Hello,
I'm trying to find a way to read a stream of events from Kafka, key
them with a proper key function and then grouping records in windows
of a given size with the Count trigger or to buffer the window for a
couple seconds. Since the system could receive multiple GBs of data in
a very short period of time, being able to create windows of a certain
size is essential to avoid overwhelming the operators.

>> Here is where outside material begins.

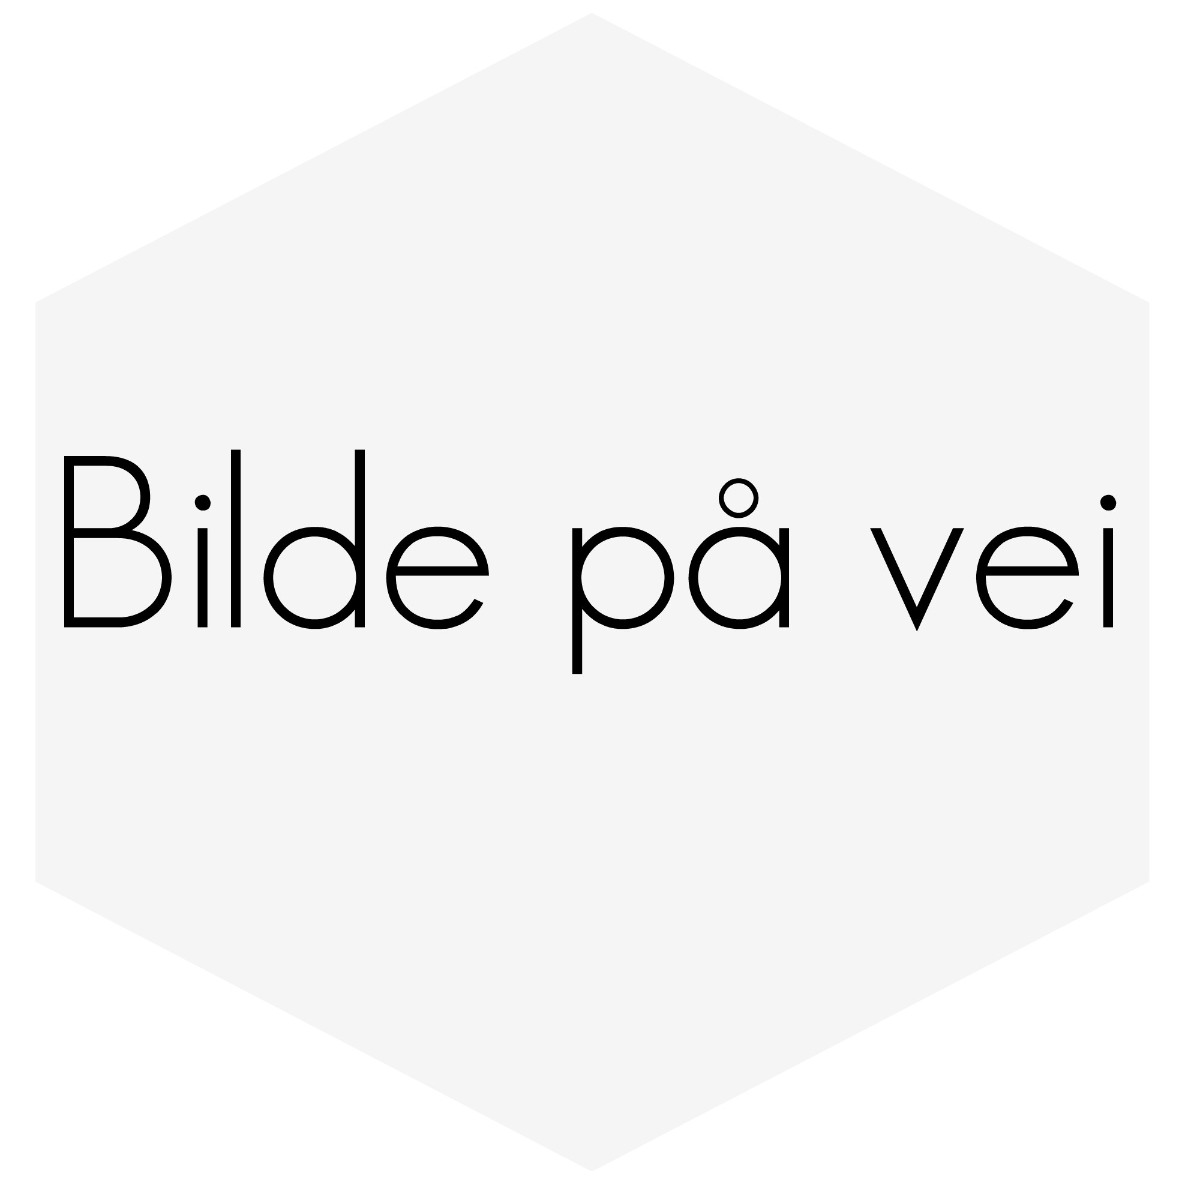 DUMP VENTIL /BLOWOFF VALVE 50mm  NUKE PERFORMANCE BLÅ

Since further down the pipeline I'm using the ForST backend and the V2
State APIs I cannot find a way to use the AsyncCountTrigger, as the
class expected in the `window().trigger()` call requires a subclass of
`Trigger`
A simple example using scala is as follows
// kafkaSource is just a datastream with a wrapper over raw kafka records
kafkaSource.keyBy(new KeySelector[KafkaRecord,String] {
override def getKey(in: KafkaRecord): String = new String(in.key)
}).enableAsyncState()
.window(GlobalWindows.create())
.trigger(AsyncProcessingTimeTrigger.create())
.process(new WindowMatcherWithStateV2())
If I use the ProcessingTimeoutTrigger with the regular CountTrigger, I
get the following error:
Trigger is for state V1 APIs, window operator with async state enabled
only accept state V2 APIs.
Any hints on how to achieve a similar behavior like the one obtained
combining ProcessingTimeTrigger and Count trigger? I don't mind
writing my own trigger, but it seems I cannot pass an async trigger to
the current APIs exposed in WindowedStream.
Thanks in advance and let me know if you need more details,
Regards,
Pablo Flores.